FT DX 9000D: 受信 f 特の改善

Dx9000_rx_improved

『無線機』にオーディオ並のf特を求める、メーカー泣かせの大魔王。
今年は、Rx段にも手を加えました。
上のチャートは、現在の当方が使用している9000Dのf 特です。
正規のノイズジェネレータを使ったものではなく、受信ホワイトノイズをソースとして測定したものなので(2000 samplings)、ちょっといい加減ですが、それでも50Hz~4.9kHzの領域に於いてほぼフラットな特性を維持しています。

特に、SSBで実際に使用される音域70Hz(声の低い人の基本周波数)~3kHz(電波法上の上限)に限ってその特性を眺めてみると、ほぼ一直線。
うふっ♡  この特性が欲しかったんです。 理屈的には、相手が送信している周波数特性を、ほぼ忠実に再現できる事になりますのでね。
勿論、無線機内で位相歪みや、振幅歪みは当然発生するわけですから、全てに於いて忠実とは言えないにしても、一応、精神衛生上この特性は以前から欲しかったもので、遂にそれが今年実現しました。

尚、このチャートは受信モードをAMとしたときの特性なので、LSBや、USBの場合は、特性が異なります(具体的には、3kHz以上と、60Hz以下の領域がAM時よりも垂れる)。
ただ、上記SSBで使用される領域では、ツライチ特性なのでまったく実用上不満はありません。

ところでWDXCに当改造(勿論、有償改造)して貰ってからというもの、音声に電源ハムが乗った局は、一発で分かるようになりました。
通常の無線機では、50Hz付近は相当ゲインが落ちているため、ハムが入っていても気づきにくいんですが、この9000Dは、減衰無くハム音が再生されるため直ぐにわかります。
ハム音を聞くために改造したわけではないんですが、これも改造の副作用と捉え受け入れています。

その他の副作用としては、AFアンプ部の改造により、送信モニタ音の特性が変わったこと。 以前よりも低域の再現性が良くなったため、低音がふくよかに聞こえてしまい『う、俺は今までこんなに低音を出していたんだ』...と反省。 そんなわけで、現在は音づくりをやり直している最中。

一方、改造(本来の)効果としては、やはり低域の再現性の向上が第一に挙げられます。
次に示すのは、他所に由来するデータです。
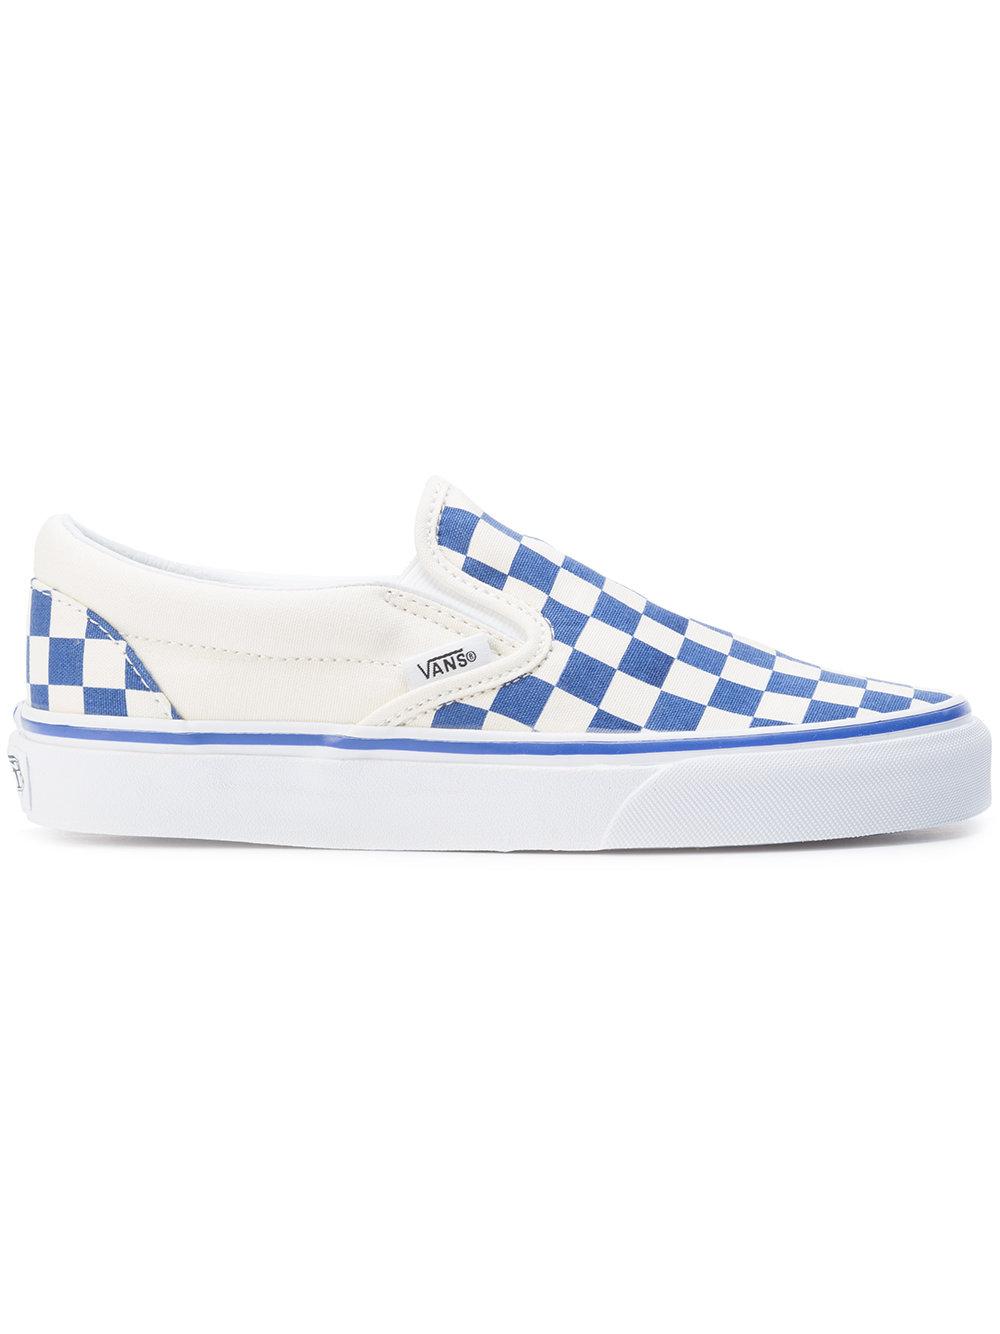 Vans Cotton Checkered Slip On Sneakers in Blue for Men - Lyst

特に、基本周波数が100Hz以下のOM諸氏のVoiceが以前より綺麗に聞こえるようになりました。
あと、ノイズレベルすれすれのSSB信号に対する了解度が上がったと感じています。 勿論、相手の声質や、音声成分の分布にも依りますが、少し聞き取りやすくなっています。
一般的に、中高域の音が了解度に大きな影響を与えると言われていますが、低域のファクターも否定できません。 帯域が広い方が、情報量が増える訳で、音のバランスさえしっかりしていれば低域が聞こえていた方が、大脳での言語判定能力が向上するのではないかと解釈しています。

まあ、我ながら自己満足の世界に浸っていますが、毎度毎度、こちらからの無理難題を受けてくれるWDXCには感謝感謝です。
さて、来年は何を....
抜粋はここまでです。